The motor 70 is rotated in the opposite direction while pressing the bit portion 60 against the ground. In this case, since the cylindrical body 2 is in a rotatable state with respect to the tube body 1, the rotation preventing piece 20 does not interfere when returning to the original optimum state. [Other Embodiments] In the above-described first embodiment, the rotation preventing pipe K is provided with the universal joint 3 and the mud discharge pipe 4, but these structures are only required to achieve the effect of the present invention.
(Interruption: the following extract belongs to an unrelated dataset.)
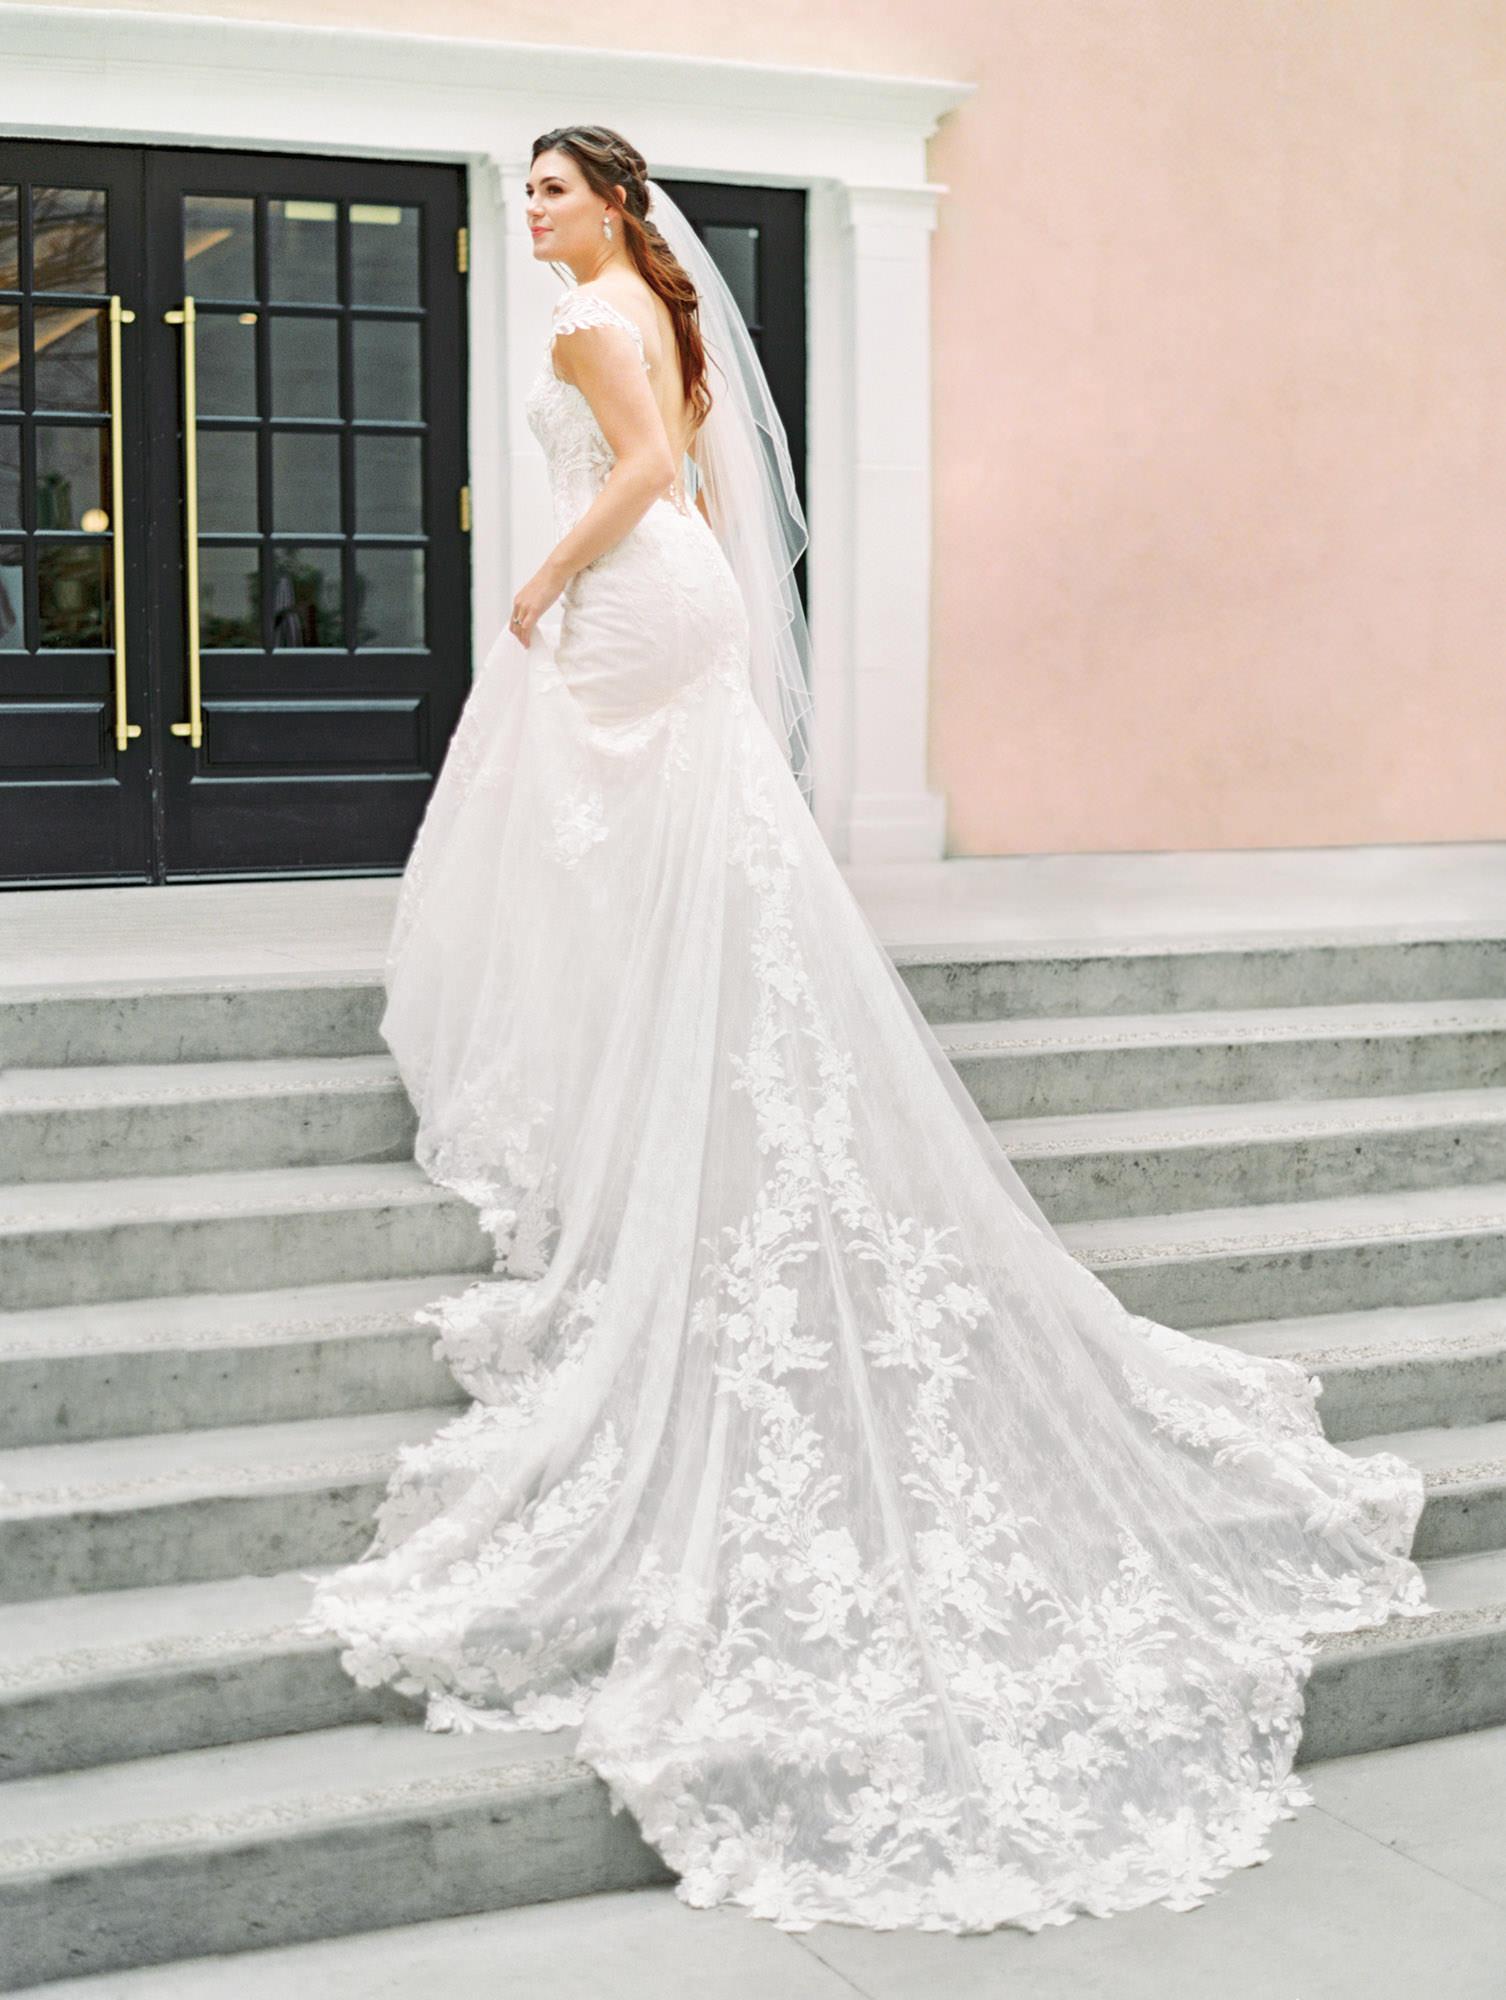 1104 cap sleeve lace dramatic drain with floral lace Martina Liana wedding dress in San Diego by Cavin Elizabeth - San Diego film photographer. Wedding Fashion Inspiration.

It may or may not be present.

[0024]

The present invention having the above-mentioned structure has the following effects.

As is apparent from the contents of the section of the embodiment of the invention, it is possible to provide a rotation preventing tube for a machine, which can suppress the rotation of the machine and can easily return the machine to an optimum posture position.

[Brief description of drawings]

FIG. 1 is a cross-sectional view showing a state in which a rotation prevention tube according to an embodiment of the present invention is attached to an excavator.

FIG. 2 is a cross-sectional view of the rotation prevention tube.

3 is a cross-sectional view taken along line XX of FIG.

FIG. 4 is a cross-sectional view showing a state in which the tubular body is incapable of rotating (locked state) with respect to the tube main body that constitutes the rotation prevention tube.

FIG. 5 is a cross-sectional view showing a state in which the tubular body is rotatable (unlocked state) with respect to the tube body that constitutes the rotation prevention tube.

[Explanation of symbols]

L machine K rotation prevention tube 1 tube body 2 cylinders 3 universal joints 4 Mud discharge pipe 5 Locking means 6 First division 7 Second division 8 Third division 20 Rotation prevention piece 21 Pin insertion hole 51a lock pin 54 hydraulic cylinder

Claims (4)

[Claims] 1. An anti-rotation tube connected to an excavator, wherein a tubular body having a plurality of anti-rotation pieces secured to the outer periphery of the tube body is rotatably inserted into the tube body, and the tube is advanced into the tube body. A rotation prevention tube for an excavator, characterized in that a lock means is provided to prevent the cylinder body from rotating relative to the tube body during work. 2. The lock means includes a hydraulic cylinder mounted in the pipe body, a pin insertion hole formed in an inner peripheral surface of the cylinder, and a cylinder provided with expansion or contraction of an output shaft of the hydraulic cylinder. 2. A lock pin that advances and retreats with respect to the lock pin, wherein when the end of the lock pin is inserted into the pin insertion hole, the tubular body cannot rotate with respect to the pipe body. Anti-rotation tube for excavator. 3. The rotation preventing tube of the excavator according to claim 2, wherein the pin insertion holes are provided on the inner peripheral surface of the cylindrical body at regular angular intervals. 4. A universal joint portion for attaching to a machine is provided on the front side of the pipe body.
4. A rotation prevention tube for an excavator according to any one of 3 to 3.